· Ten years ago Commander Massoud was killed ·
It was probably a sign of the attack on the United States but international secret services failed to take it into account. Ten years after his assassination – on the eve of the attacks of September 11th which threw the country headlong into a new war – the Afghan Commander Ahmad Shah Massoud remains a legendary figure with no heirs and his vision of a united, free, independent and democratic Afghanistan still seems remote. On 9 September 2001, in Takhar Province in the country's north-eastern region, this hero of the resistance to the Soviet troops and later the Taliban was killed by a bomb carried by two Arabs pretending to be journalists of a Moroccan broadcasting station sent by Al Qaeda.
The son of an important police officer, posted first in Herat and later in Kabul, Massoud – born in the mountain valley of Panshir – had the opportunity to attend a Franco-Afghan secondary school, and subsequently to study at the prestigious Polytechnical University in the faculty of architecture, founded by virtue of the recent and growing Soviet interest in Afghanistan.

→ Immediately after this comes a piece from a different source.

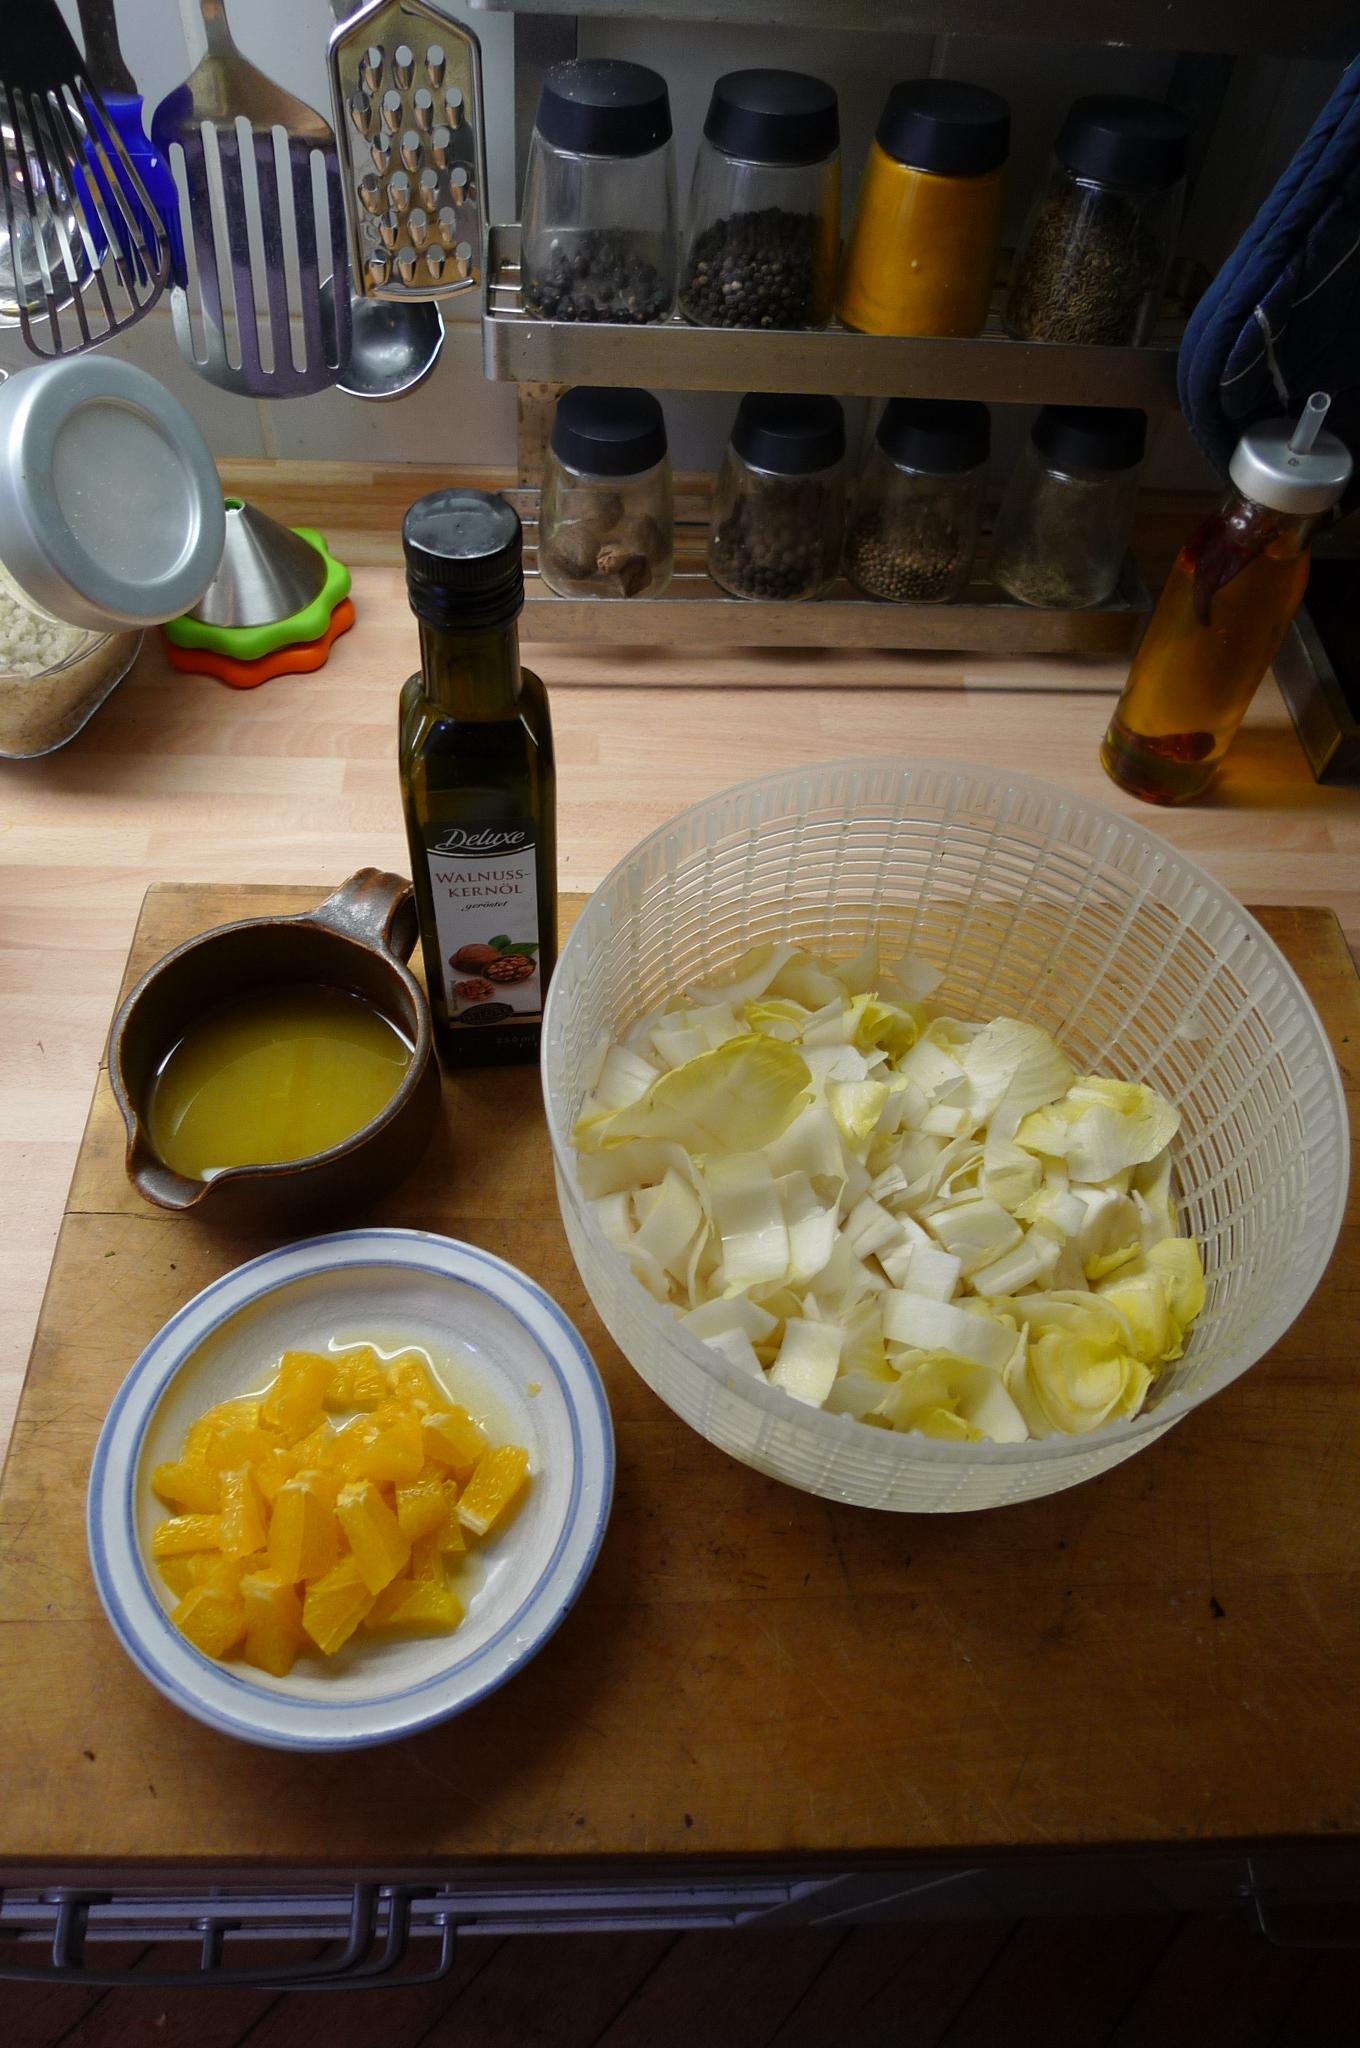 Kabeljau,Chicoreesalat,Kartoffeln,Quarkspeise - 17.2.15   (5)

This dual cultural influence, French and Soviet, was thus an additional part of the natural Islamic baggage of Massoud and in time was to determine his most important decisions.
The resistance that Massoud's military system offered to the Taliban’s attempt to take over proved effective, and as had happened in the 1980s, the action of his men was crucial in sanctioning the defeat of the Taliban movement, political even before it was military. Today Afghan political life is often structured around ethnic divisions and the country is still the scene of bloody conflict. Yet it is in Afghanistan, in this extraordinary strip of desert and mountains, that the future of international security is being played out and defended. It is here that Massoud fought for the whole of his life: he belonged to that political species – rare indeed – those condottieri capable of taking responsibility for commanding and at the same time capable of meditating on their aims, who are not guided by personal ambition but rather by a spirit of sacrifice and compassion. More than 100,000 Afghans, in tears, walked beside his mortal remains and today he lives on in the men and women of peace, in Afghanistan and throughout the world.